When it comes to Federation of Bosnia and Herzegovina, SDA and HDZ BIH managed to remain the leading parties among Bosniaks and Croats, respectively. There is little doubt, nevertheless, that SDA’s position is not nearly as dominant as it was during the 1990s. This can easily be seen from the margin of victory of less than 3% its candidate for the Presidency Šefik Džaferović achieved against Social Democratic Party’s candidate.
The most controversial result of all was the victory Željko Komšić pulled off against the incumbent Dragan Čović, leader of the HDZ BIH, for the Croat member of the Presidency.
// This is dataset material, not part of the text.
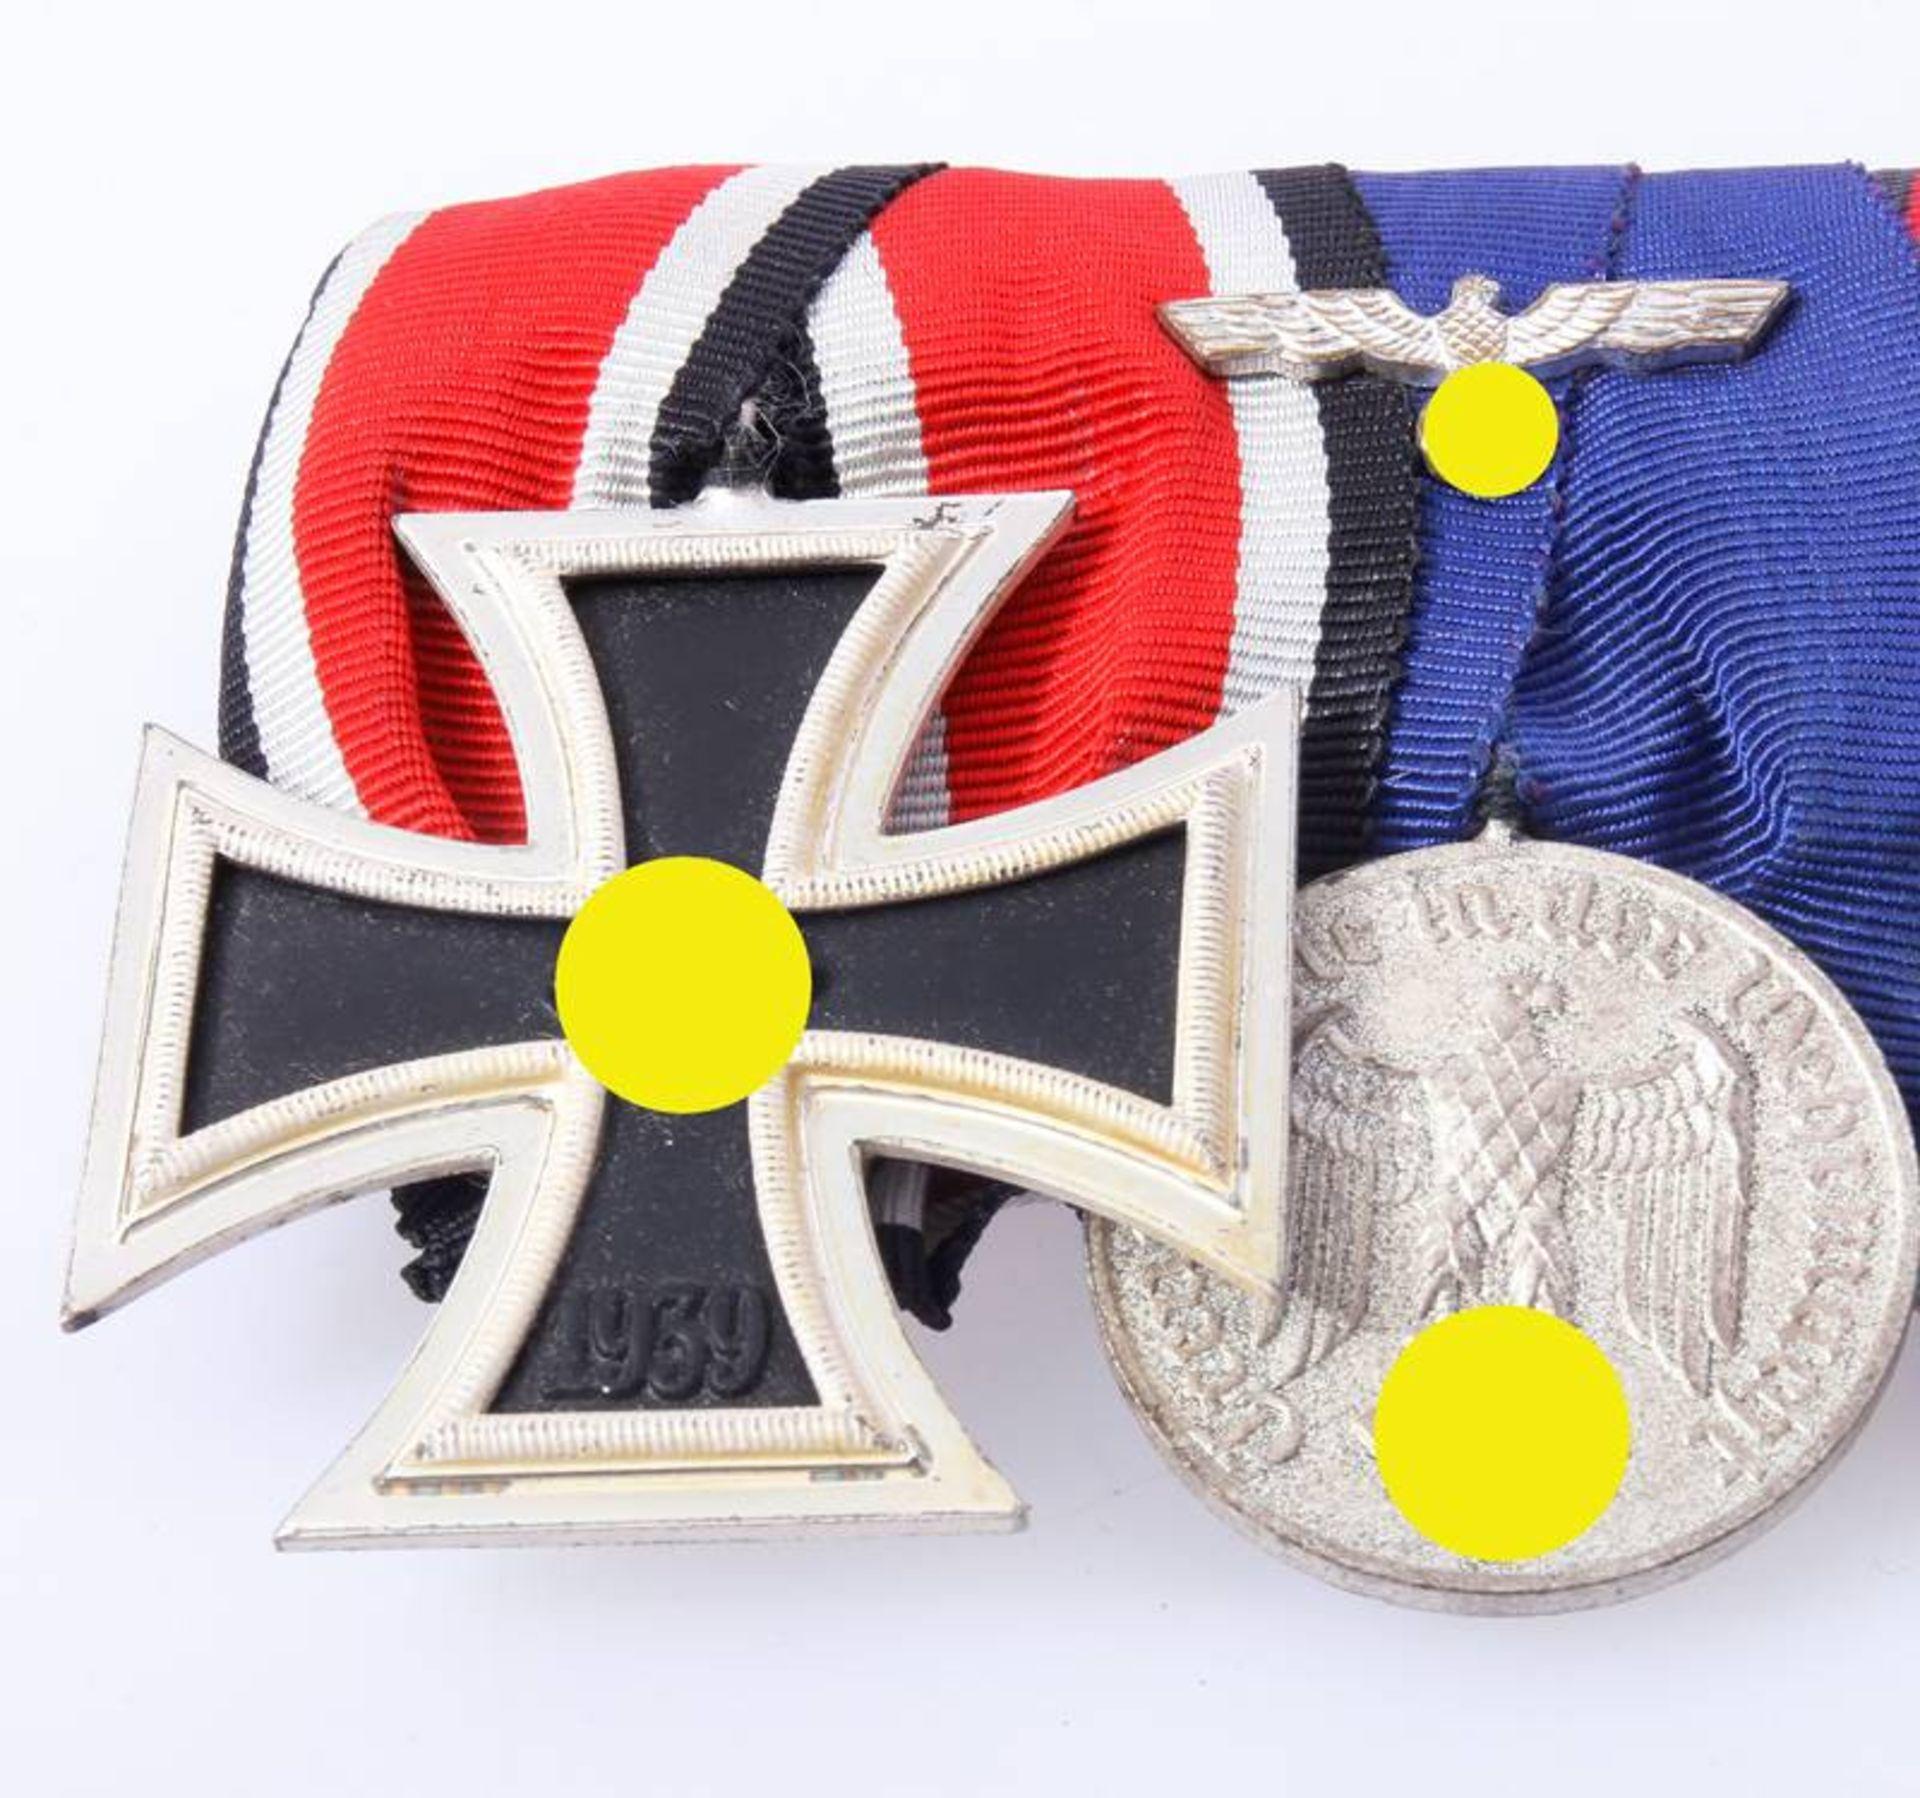 Ordenschnalle mit 4 AuszeichnungenEisernes Kreuz 2. Klasse 1939 , Dienstauszeichnung Wehrmacht 4 - Bild 3 aus 6

It is assumed that he was elected with the votes of Bosniaks, who have the right to vote for either Bosniak or Croat member of the Presidency within the of Federation of Bosnia and Herzegovina and outnumber Croats by 4:1.
“I am sad to see that an old story repeated itself once more. We are again in a situation where members of one constituent people on the territory of the Federation of Bosnia and Herzegovina are electing a representative of another, the Croat people,” said Prime Minister of Croatia Andrej Plenković, who strongly backed Čović ahead of the vote.